The Popes have not only been spiritual guides but also connoisseurs of art, and it was in the early 16th century that Pope Julius II decided to preserve this art. The Vatican Museums contain over 70,000 works of art, of which about 20,000 are on display at any given point of time. Over 6.5 million tourists visit the museums each year, making it one of the top visited art museums in the world.

The Vatican Museums have 54 galleries which include the Vatican Historical Museum, the Sculpture Museums of Pio-Clementino, Chiaramonti, Gregoriano Etrusco, and Gregoriano Egiziano, as well as the collection of Modern Religious Art. The collection includes art and sculpture from across the Roman world and stunning Renaissance art, including the art created in the Museum buildings itself.

A visit to the Vatican Museums will showcase the works of greats like Michelangelo, Leonardo Da Vinci, Caravaggio, and Rapahel all under one roof!

Vatican Museum Highlights


The Raphael Rooms

The Stanze di Raffaello or the Raphael Rooms are a set of four rooms in the third floor of the Palace of Vatican. Commissioned by Pope Julius II, they were intended as a suite of apartments. Each of the rooms has all its walls adorned with High Renaissance works of art by Raphael and his workshop.
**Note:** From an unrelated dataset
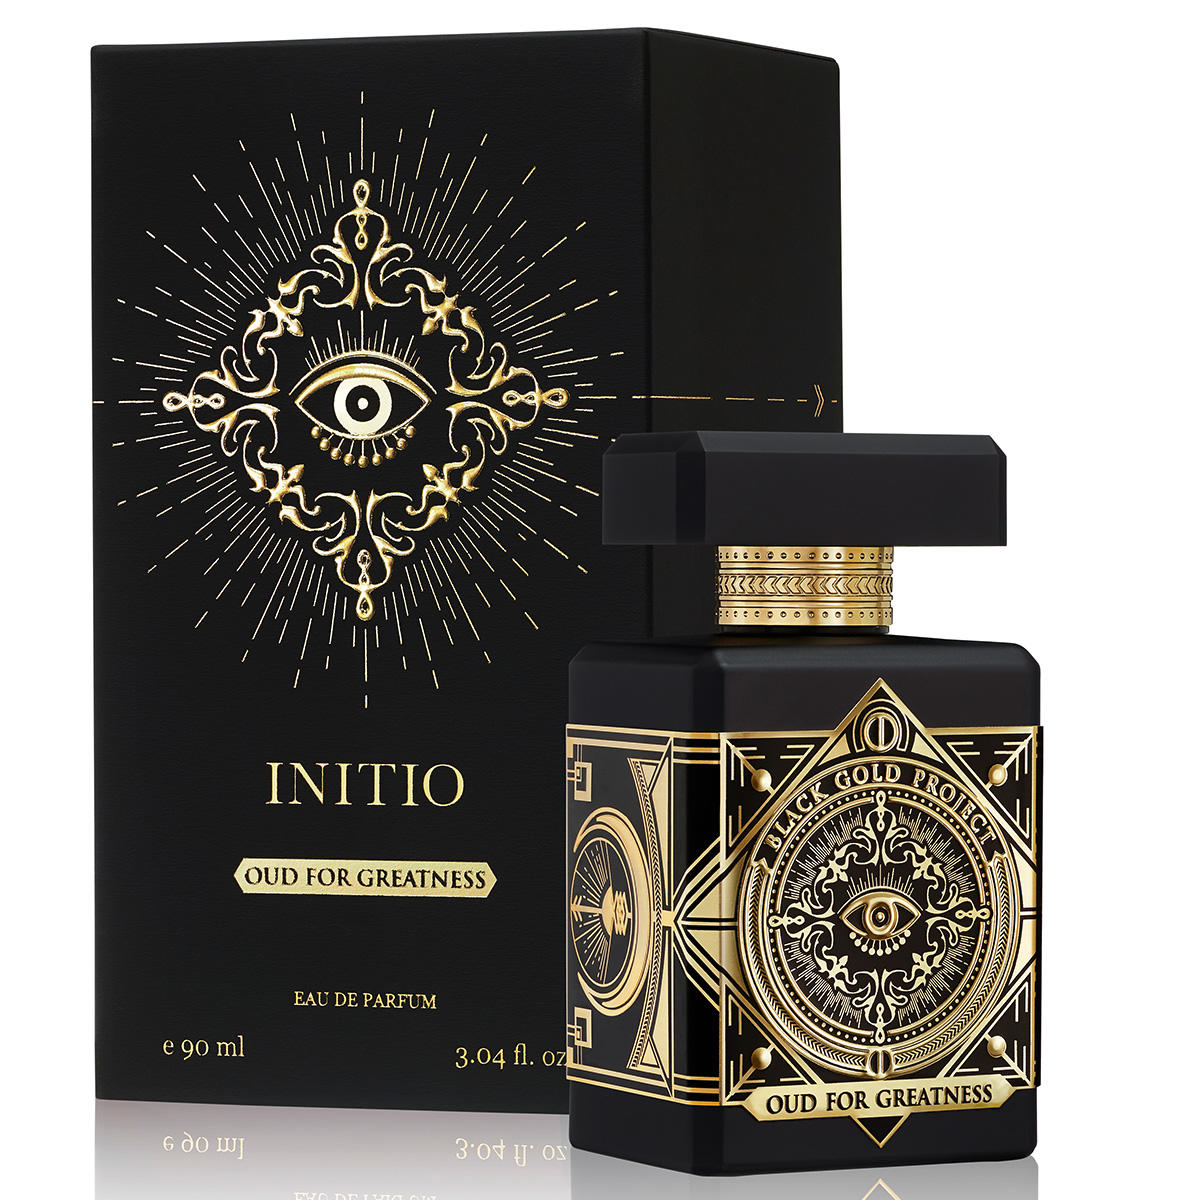 INITIO Black Gold Project Oud For Greatness Eau de Parfum 90 ml - 3

The rooms are called ‘Hall of Constantine’, ‘Room of Heliodorus’, ‘Room of the Signatura’ and ‘The Room of the Fire in the Borgo’.


Gallery of Maps

The Vatican was not only involved in spiritual matters but also those of the land and accordingly Pope Gregory XIII had commissioned a series of maps of Italy in 1580. These topographical maps are drawn by a friar and geographer Iganzio Danti and spread across 40 panels in a 120m long gallery. It is said that the maps are about 80% accurate and depict Italy from each region including from the Apennines, Ligurian Sea, Tyrrhenian Sea and the Adriatic Sea.


Spiral Staircase

The spiral staircase is one of the most iconic images of the Vatican Museums and there isn’t just one but two of these staircases! Known as the Bramante Staircase, the original one dates back to 1505 and is now not open to public, but a newer one built in 1932 inspired by the original is in the Pio-Clementine Museum and is used by public to enter and exit the museum. The unique feature of the staircase is the double helix design which involves two staircases in one!
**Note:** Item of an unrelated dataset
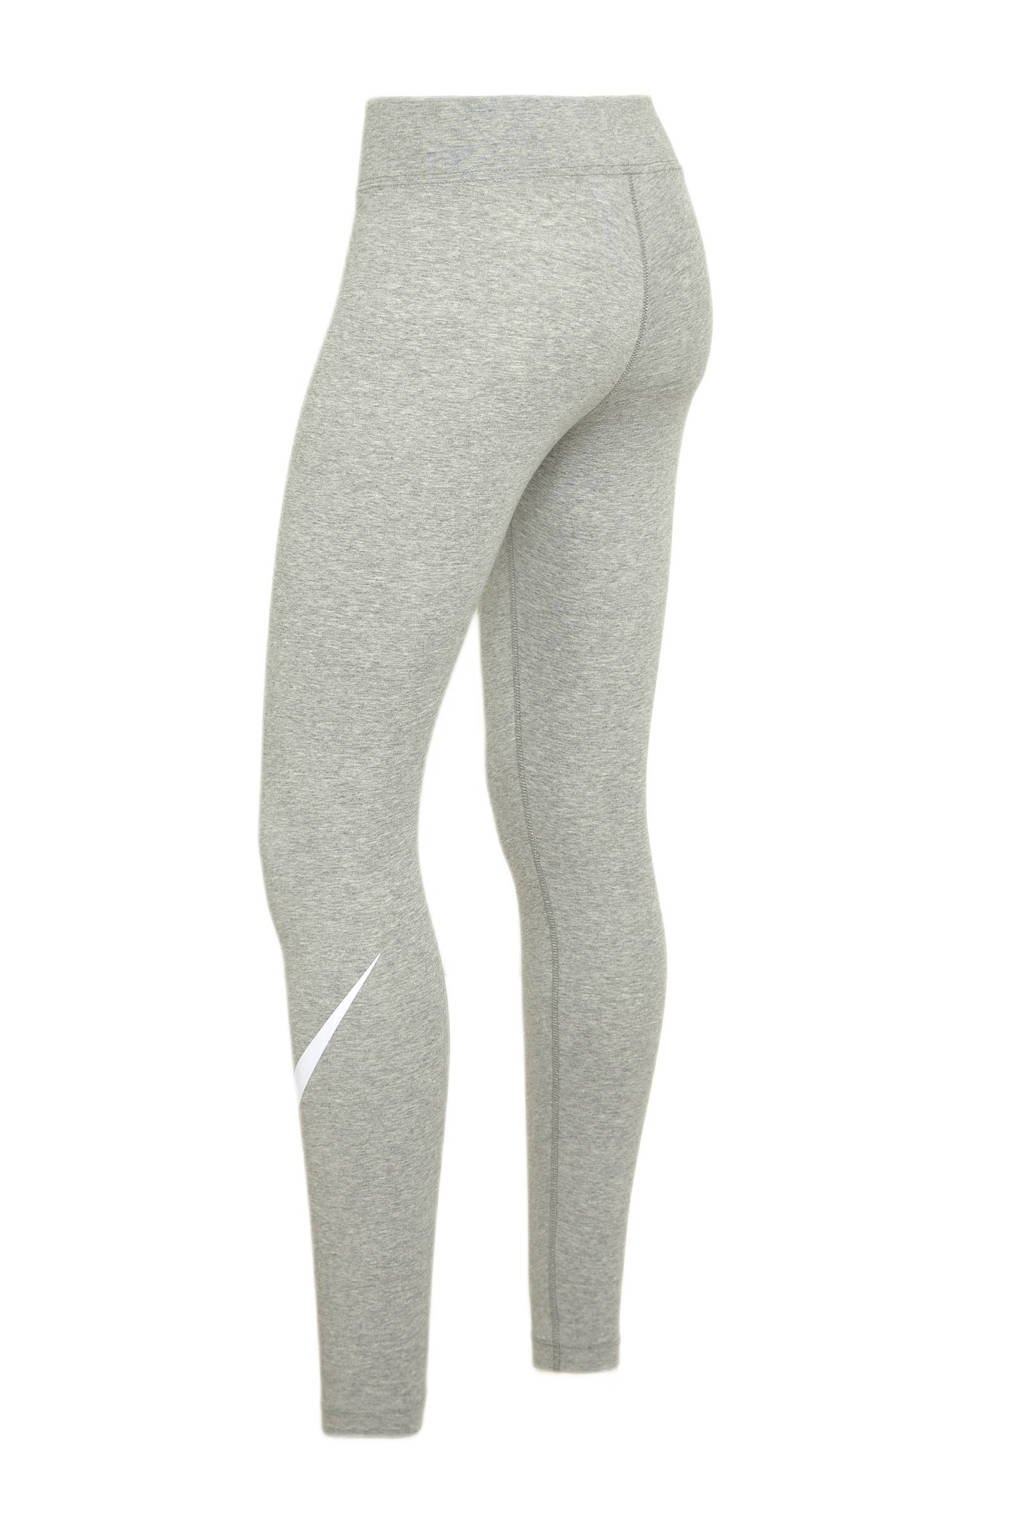 Grijs en witte dames Nike legging melange van katoen met skinny fit, regular waist, elastische tailleband en logo dessin

Gallery of Statutes and Hall of Busts

The Gallery of Statues and Hall of Busts are two of the 54 galleries in the Pio-Clementine Museum in the Vatican Museum. The galleries contain Greek and Roman sculptures dating back centuries. The Gallery of Statues displays important pieces like Sleeping Adriane and the bust of Menander. The galleries itself are beautifully decorated with frescos on the vaulted ceiling by painter Cristoforo Unterperger.


Gregorian Etruscan & Egyptian Museum

Pope Gregory XVI initiated the setting up of these galleries at the Vatican Museum. In 1837 the Etruscan Gallery was opened which included 9 rooms full of Etruscan artefacts like Bronzes, Terracottas, and Jewellery. The Egyptian Gallery opened in 1839 and includes 6 rooms with Egyptian artefacts like statues, plaques, and metallurgical items. It even includes a reconstruction of Emperor Hadrian’s Villa near Tivoli and includes statues of Osiris-Apis and Osiris-Antinous


Sala Rotunda

The Sala Rotunda or the Round Hall is a gallery in the Pio-Clementine Museum. It is known to be inspired by the Pantheon and is a circular hall that contains niches for the display of huge statues. The hall itself was built in 1779 based on the design of Michelangelo and contains a breathtaking mosaic floor which contains mosaics from the 3rd Century AD. The centre of the room is occupied by a large red porphyry basin that must have been a part of a public arena of ancient Rome.